Every picture stays out; everything else in the listing below is to be returned exactly.

> [SOURCE MATERIAL]

______

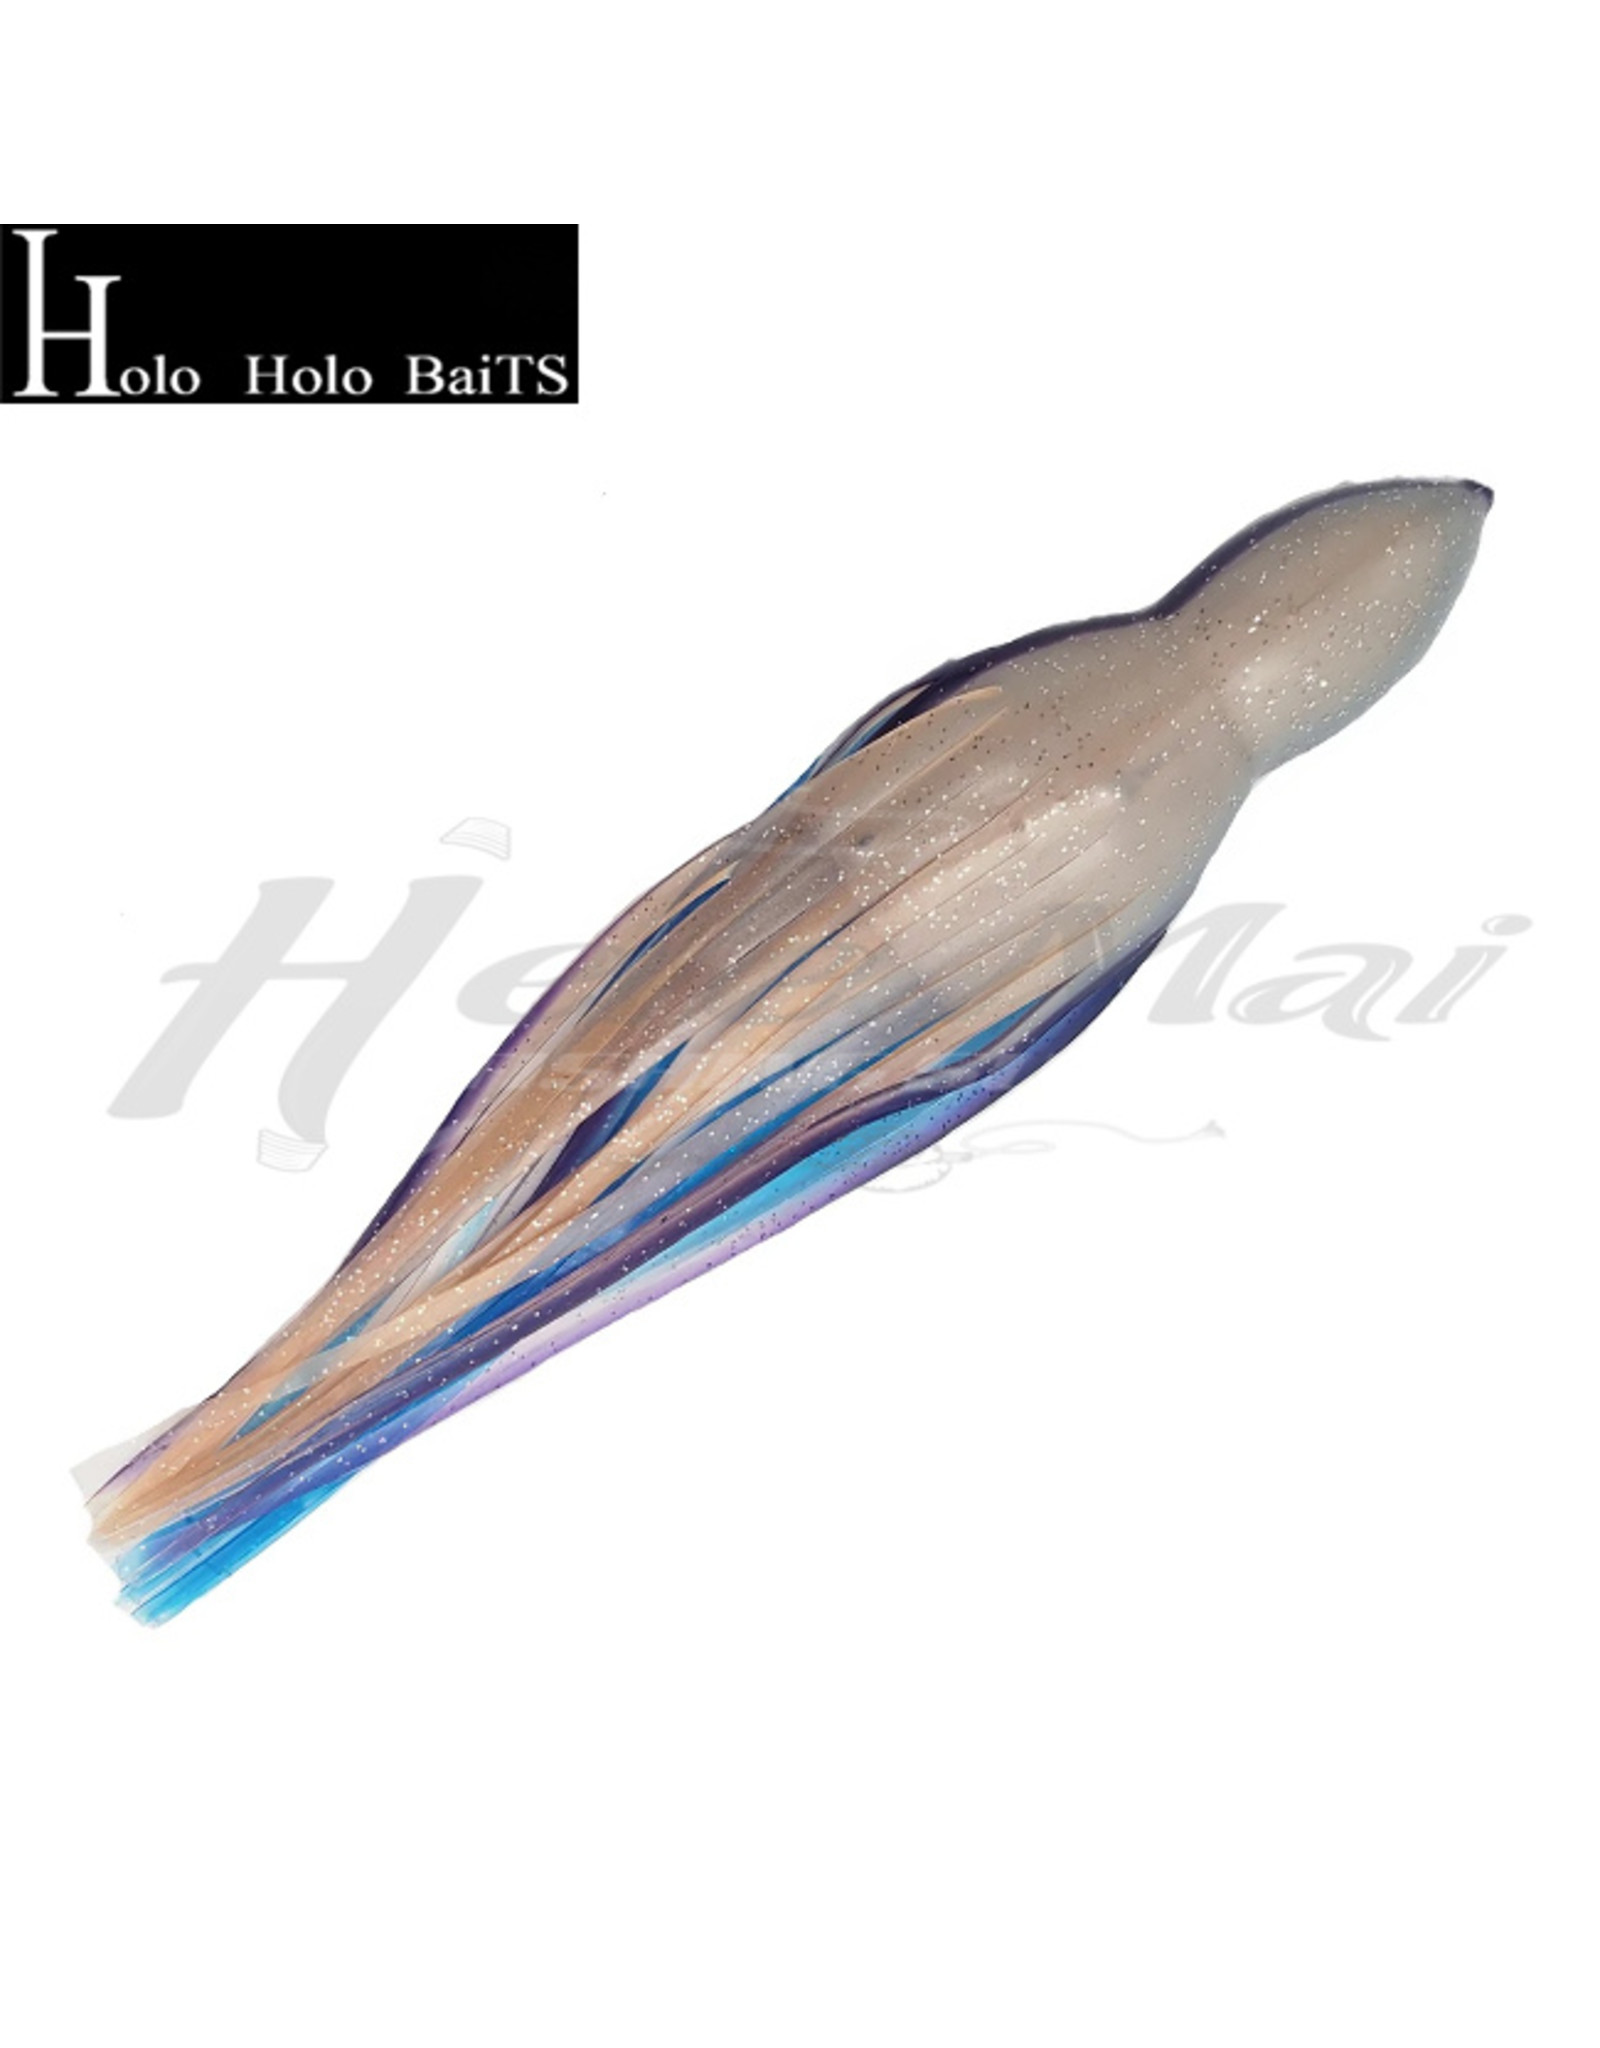 HOLO HOLO HAWAII (HHH) HH, 7" SQUID SKIRT BLUE SALMON PURPLE GLITTER SM1-6B
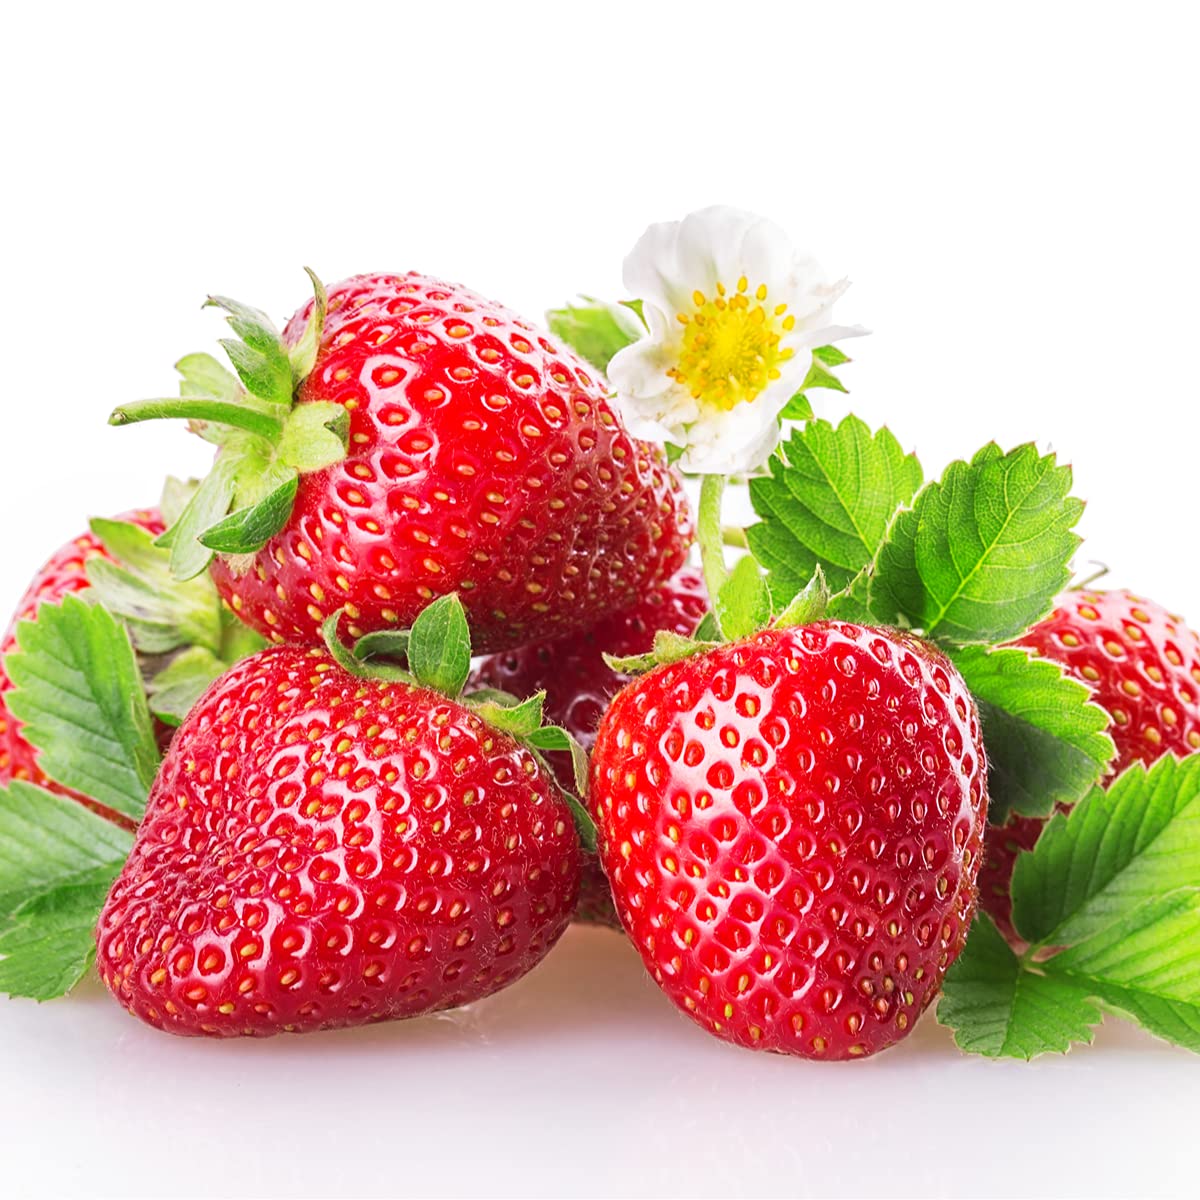 Strawberry Plants - 'Sweetheart' - 5 x Full Plants in 9cm Pots - AcquaGarden
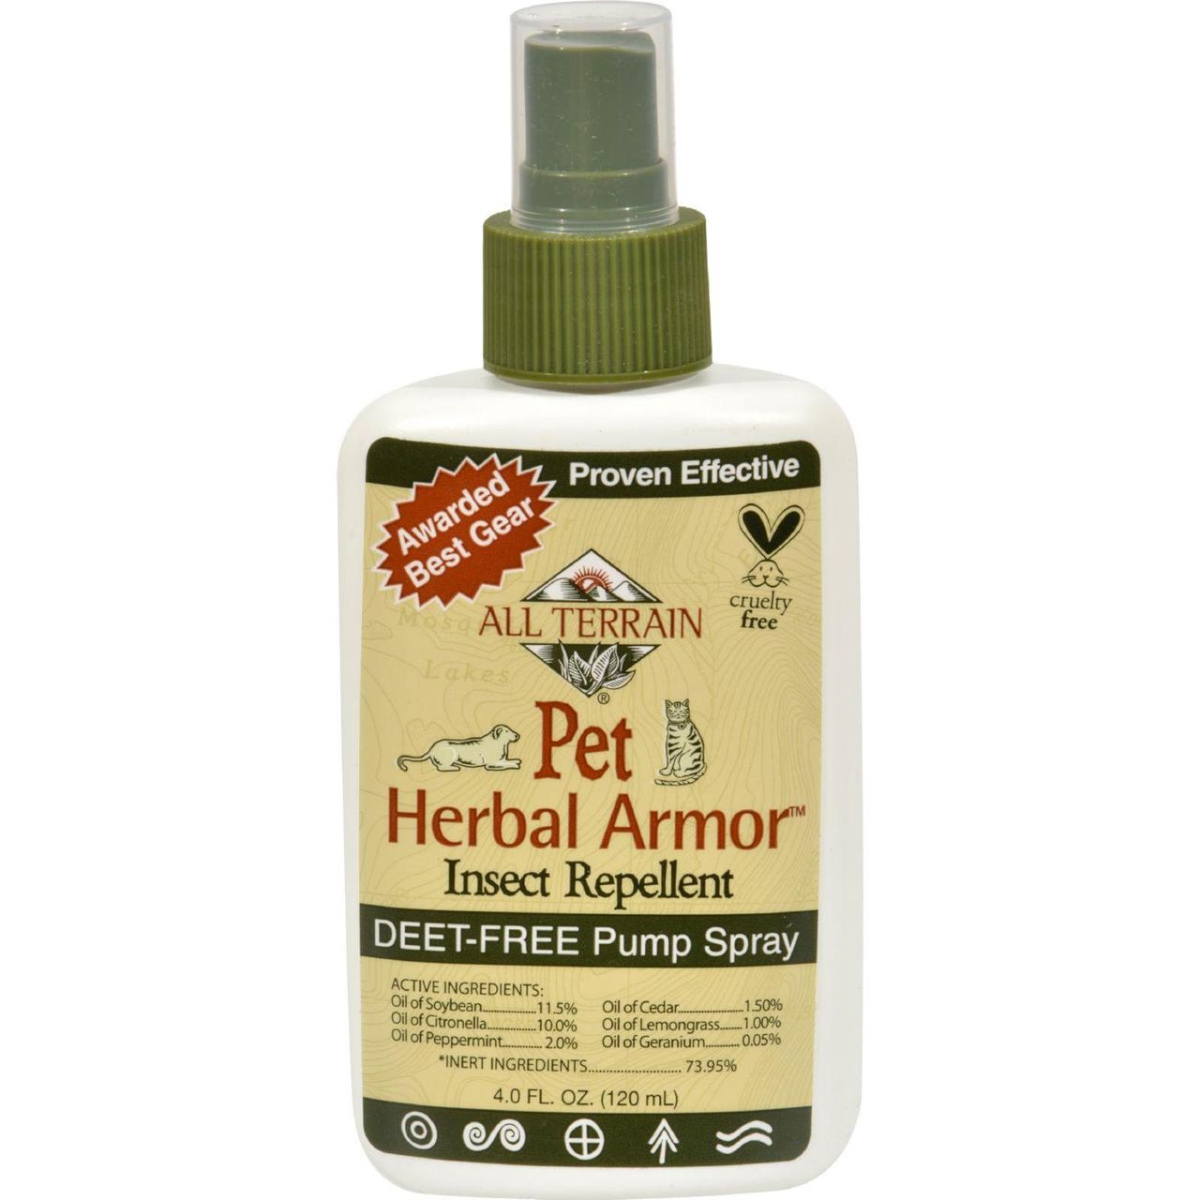 Hg0762013 4 Fl Oz Pet Herbal Armor Insect Repellent

______

> [RESULT OF THE EXERCISE]
 HOLO HOLO HAWAII (HHH) HH, 7" SQUID SKIRT BLUE SALMON PURPLE GLITTER SM1-6B
 Strawberry Plants - 'Sweetheart' - 5 x Full Plants in 9cm Pots - AcquaGarden
 Hg0762013 4 Fl Oz Pet Herbal Armor Insect Repellent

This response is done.